> _TASK OBJECTIVE_
Each line of the data must be written out again verbatim; no image belongs in the copy.

══ DATASET SECTION

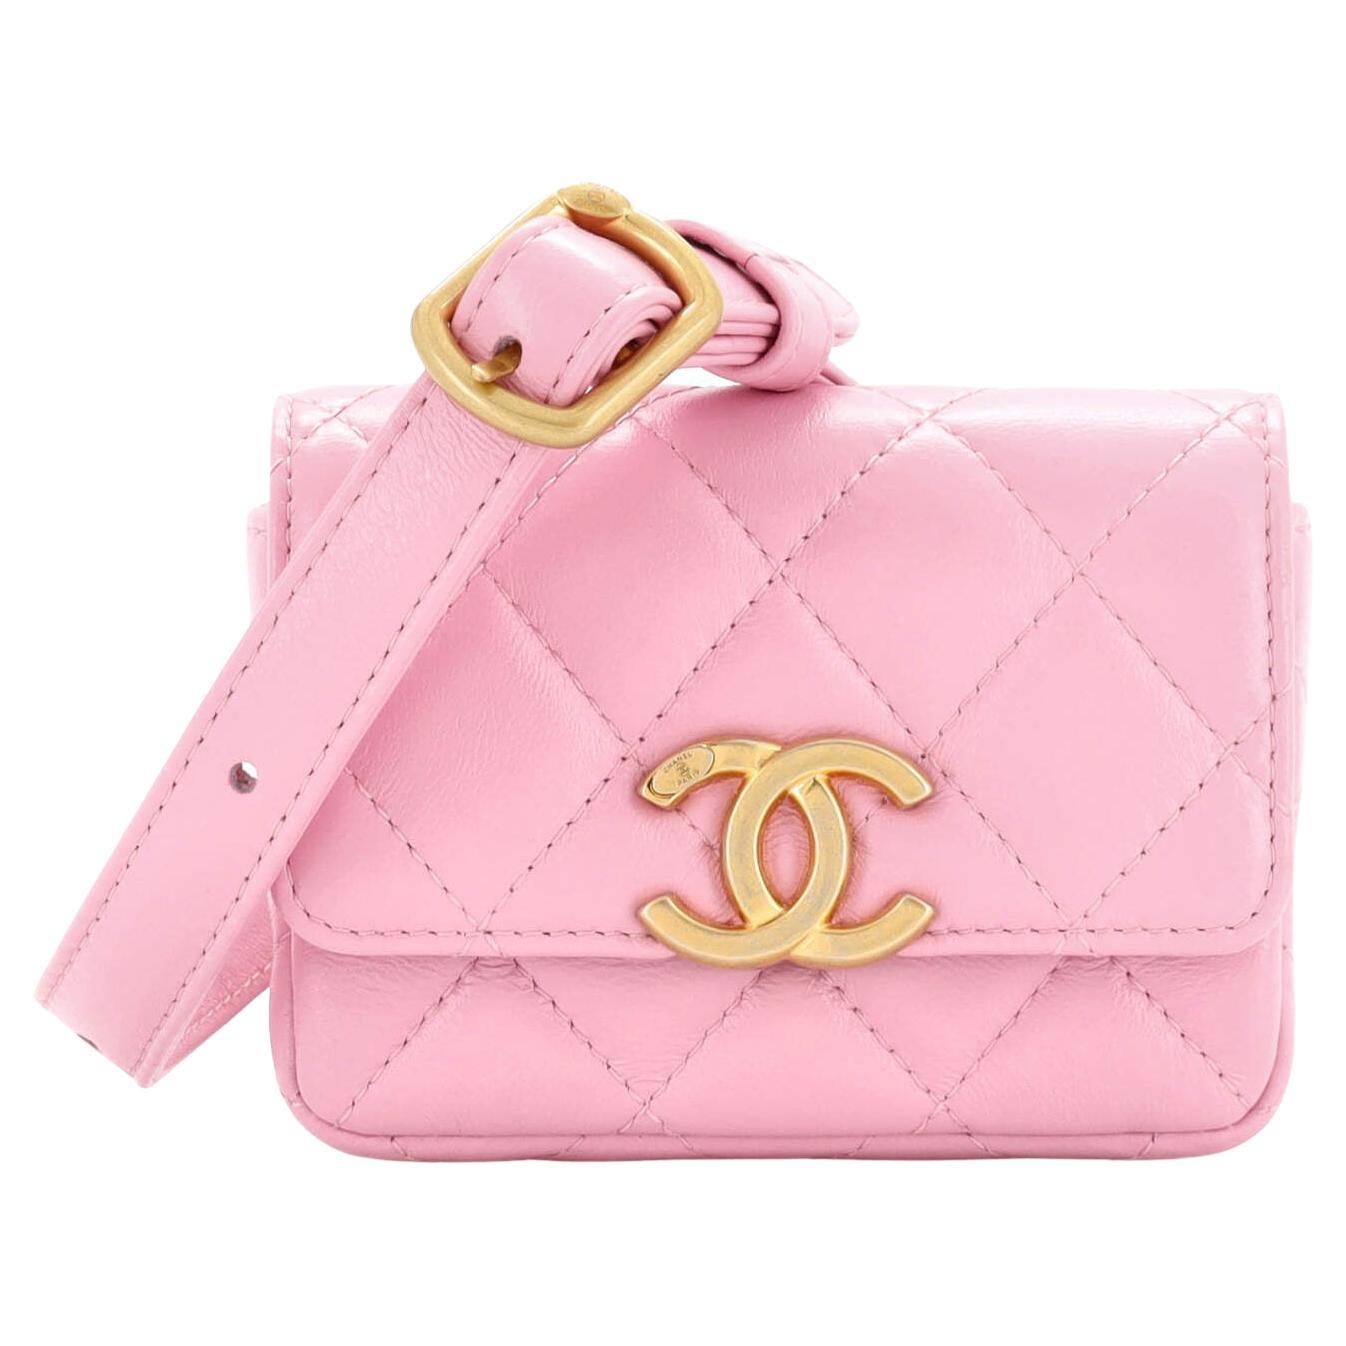 Chanel Small Flap Bag - 630 For Sale on 1stDibs  chanel small flap bag  price, chanel classic flap small, small flap bag chanel
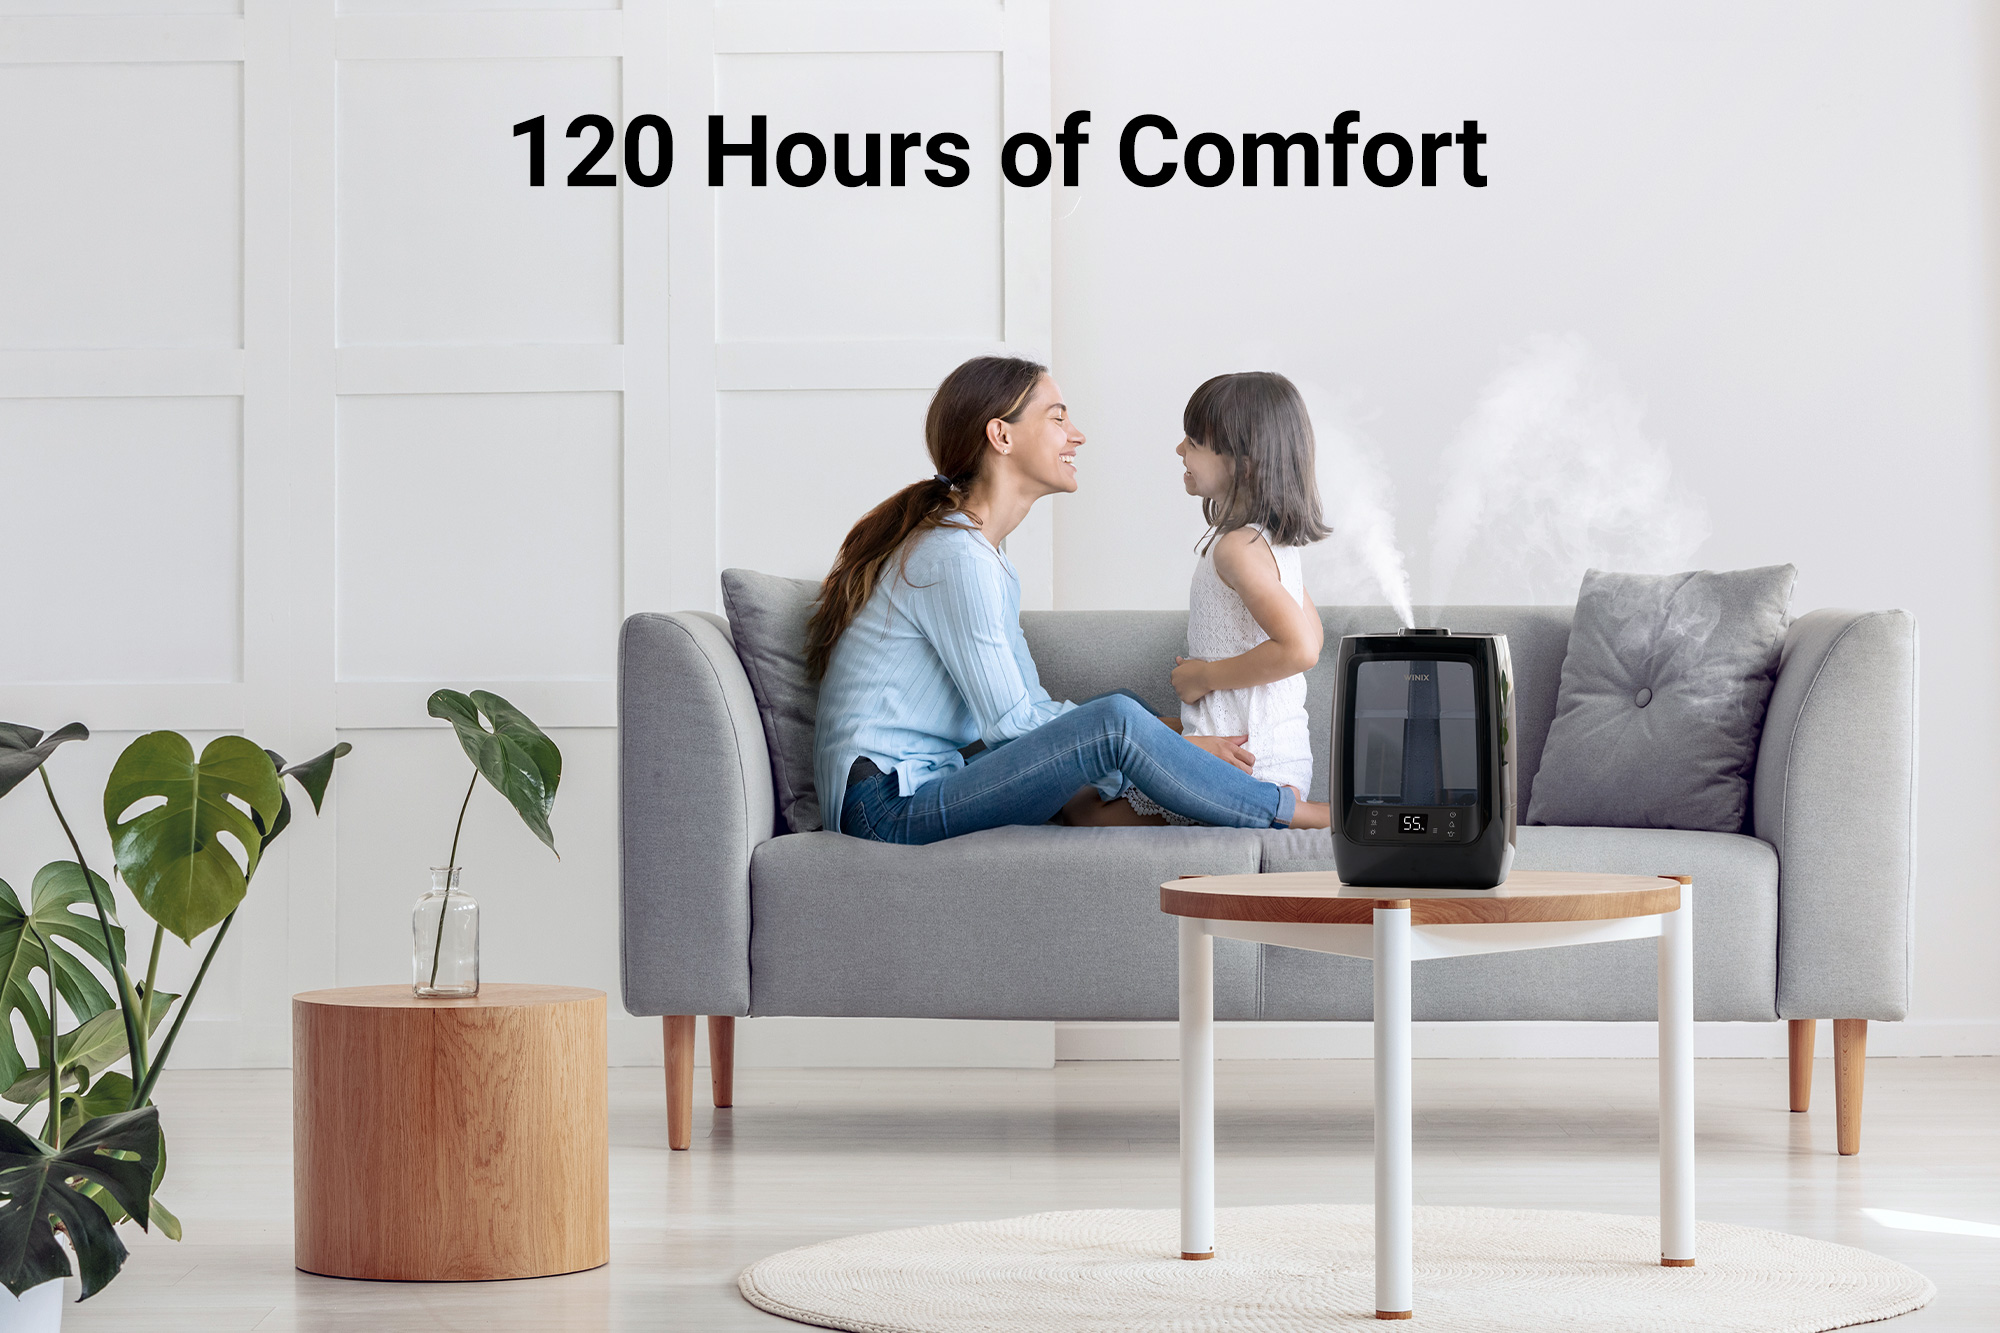 L200 Humidifier on side table next to woman and young child sitting on a couch and text saying 120 hours of comfort
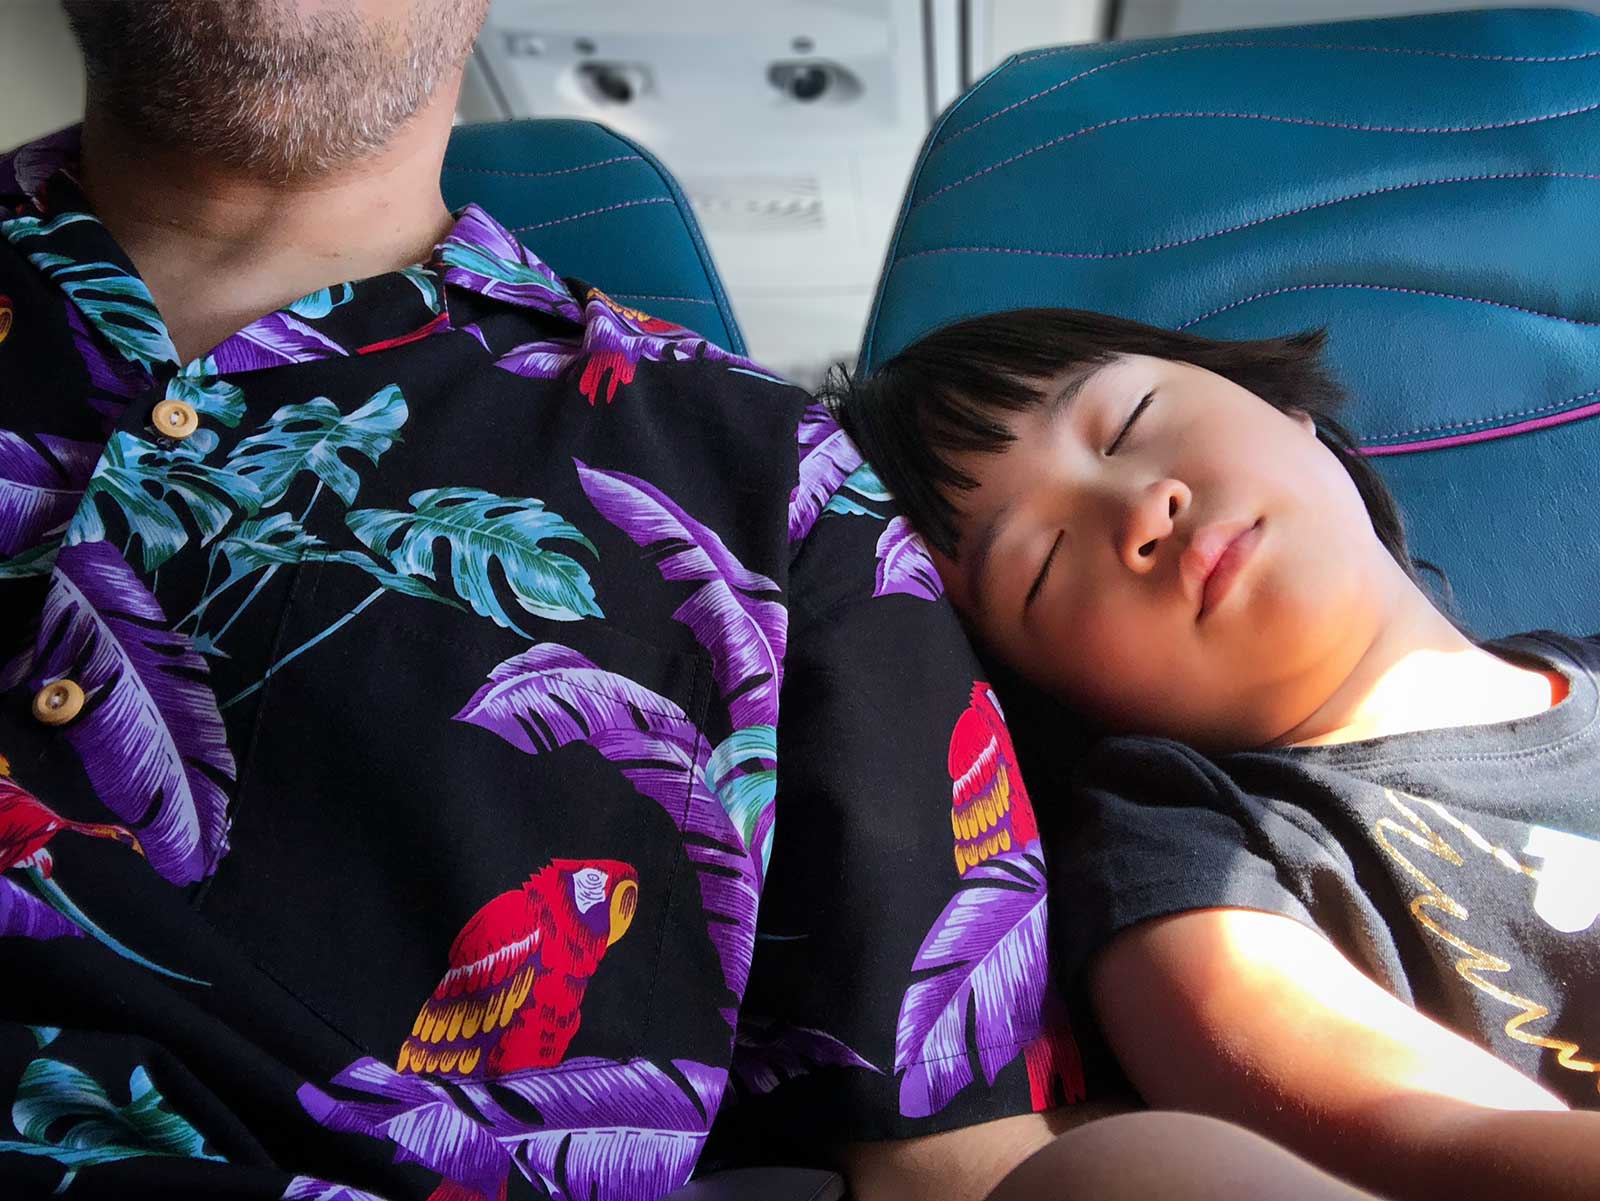 Sleeping in the plane after a trip to Hawaii

════

> _TASK ANSWER_
 Chanel Small Flap Bag - 630 For Sale on 1stDibs  chanel small flap bag  price, chanel classic flap small, small flap bag chanel
 L200 Humidifier on side table next to woman and young child sitting on a couch and text saying 120 hours of comfort
 Sleeping in the plane after a trip to Hawaii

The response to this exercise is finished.